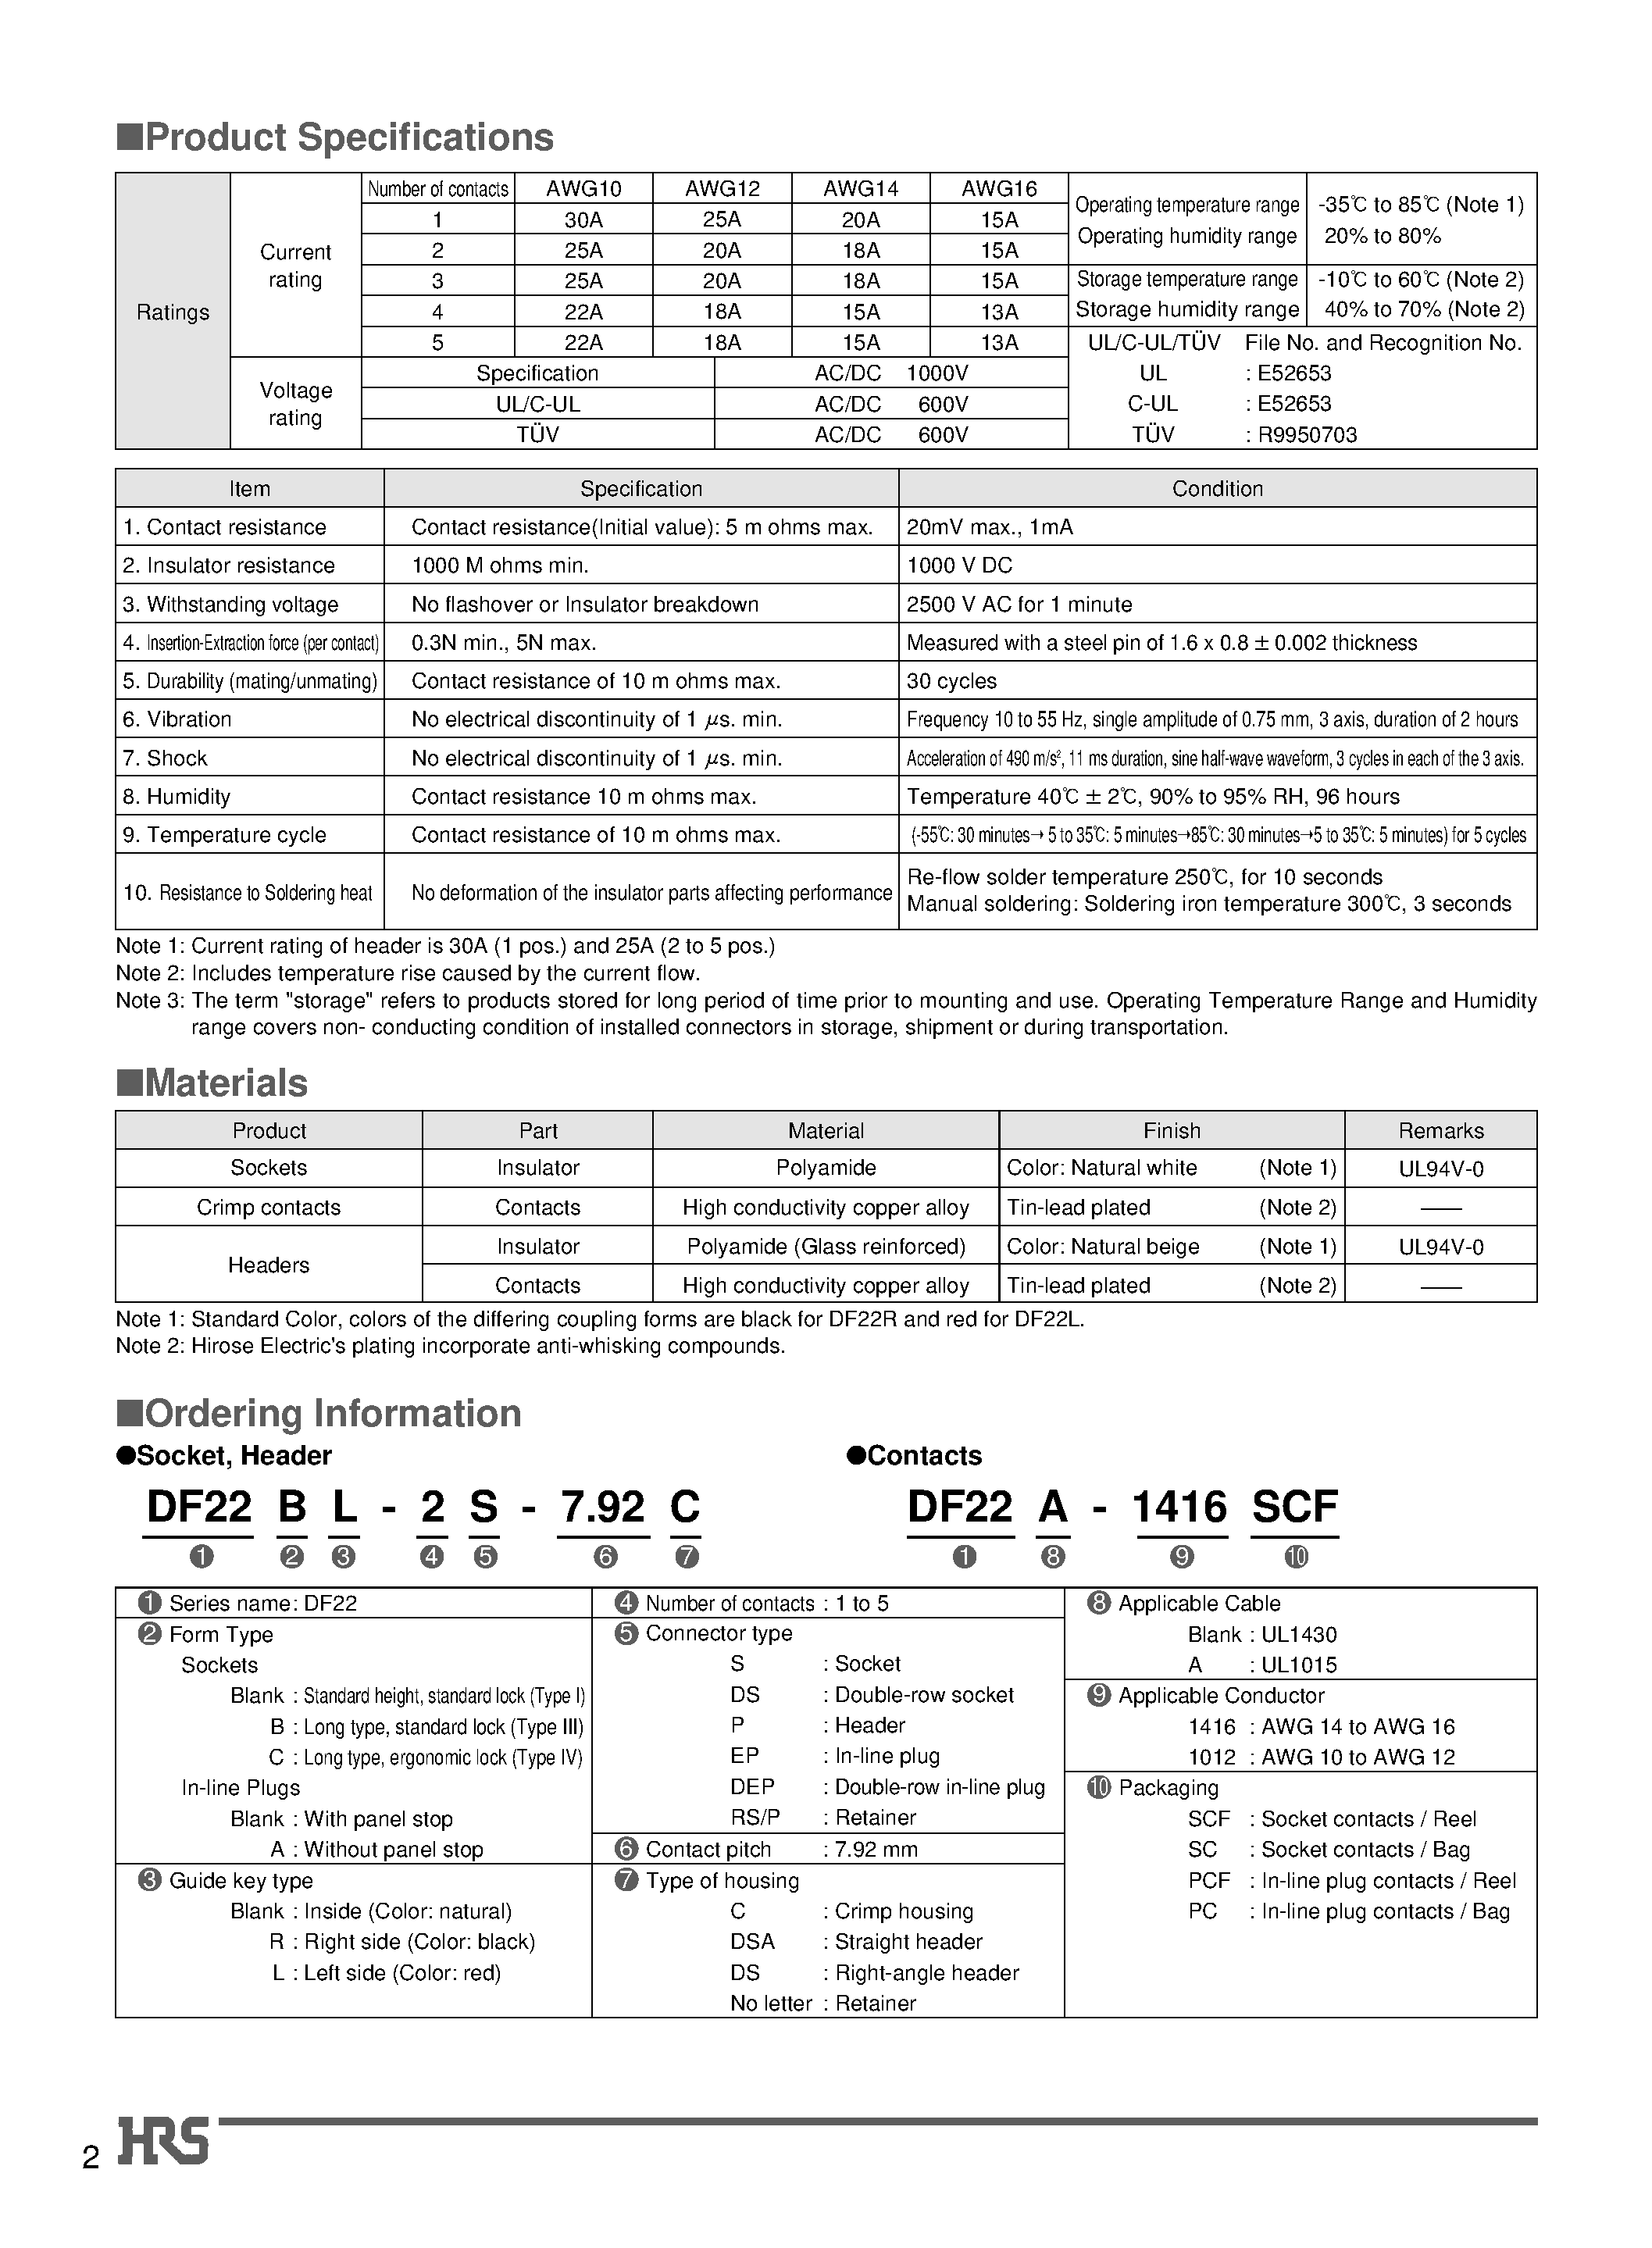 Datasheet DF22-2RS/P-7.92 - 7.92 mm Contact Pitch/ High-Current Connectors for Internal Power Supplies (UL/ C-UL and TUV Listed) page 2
* * *
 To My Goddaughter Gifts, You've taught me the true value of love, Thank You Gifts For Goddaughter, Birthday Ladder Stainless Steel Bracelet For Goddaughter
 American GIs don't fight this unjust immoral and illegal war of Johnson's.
* * *
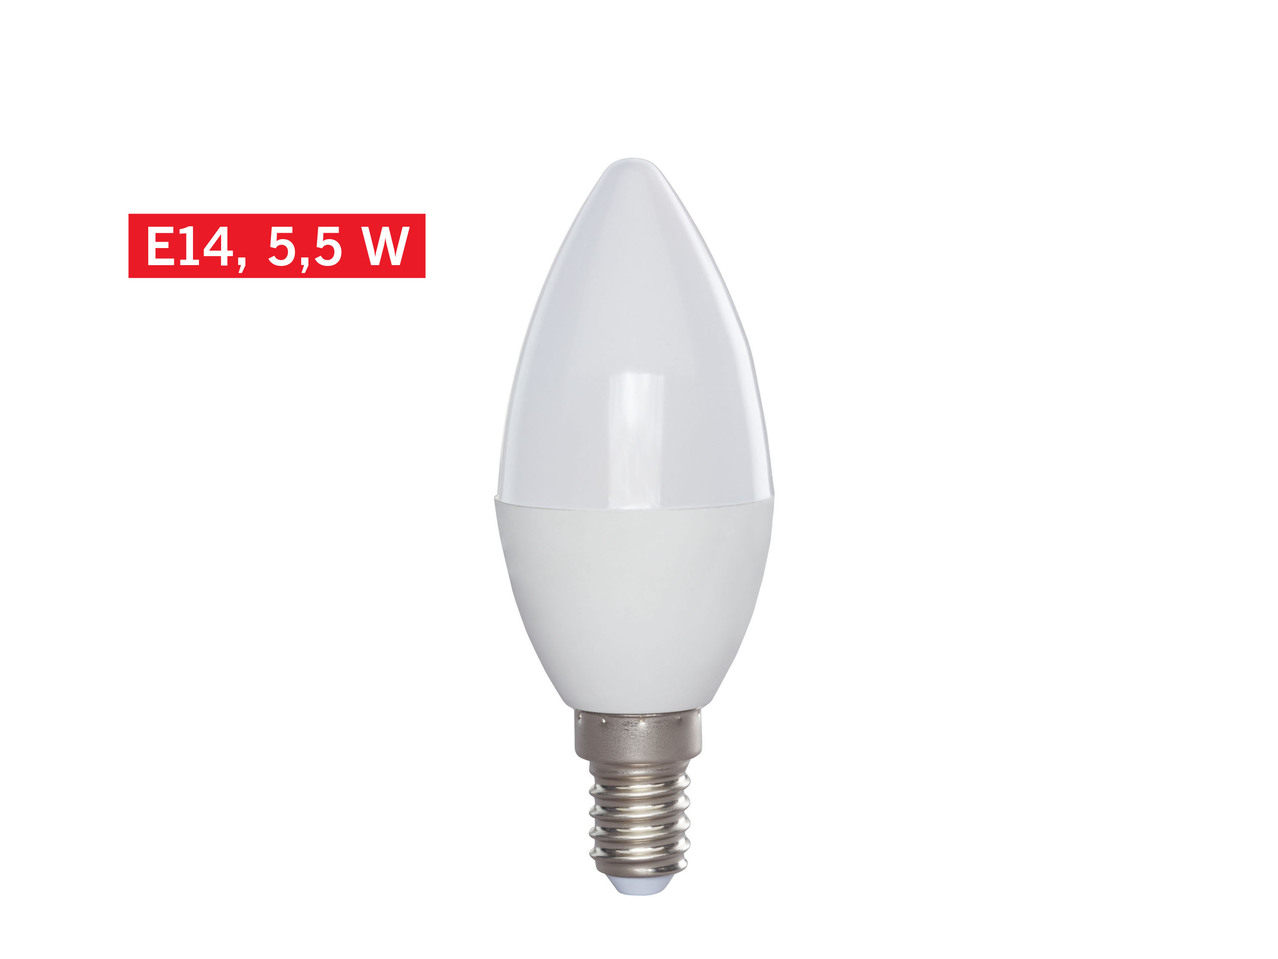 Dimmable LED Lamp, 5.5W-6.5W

EXERCISE BRIEF:
Copy, exactly and only, the lines above that begin with the one containing "To My Goddaughter" and finish with the one containing "American GIs don't".

SOLUTION FOR THIS EXERCISE:
 To My Goddaughter Gifts, You've taught me the true value of love, Thank You Gifts For Goddaughter, Birthday Ladder Stainless Steel Bracelet For Goddaughter
 American GIs don't fight this unjust immoral and illegal war of Johnson's.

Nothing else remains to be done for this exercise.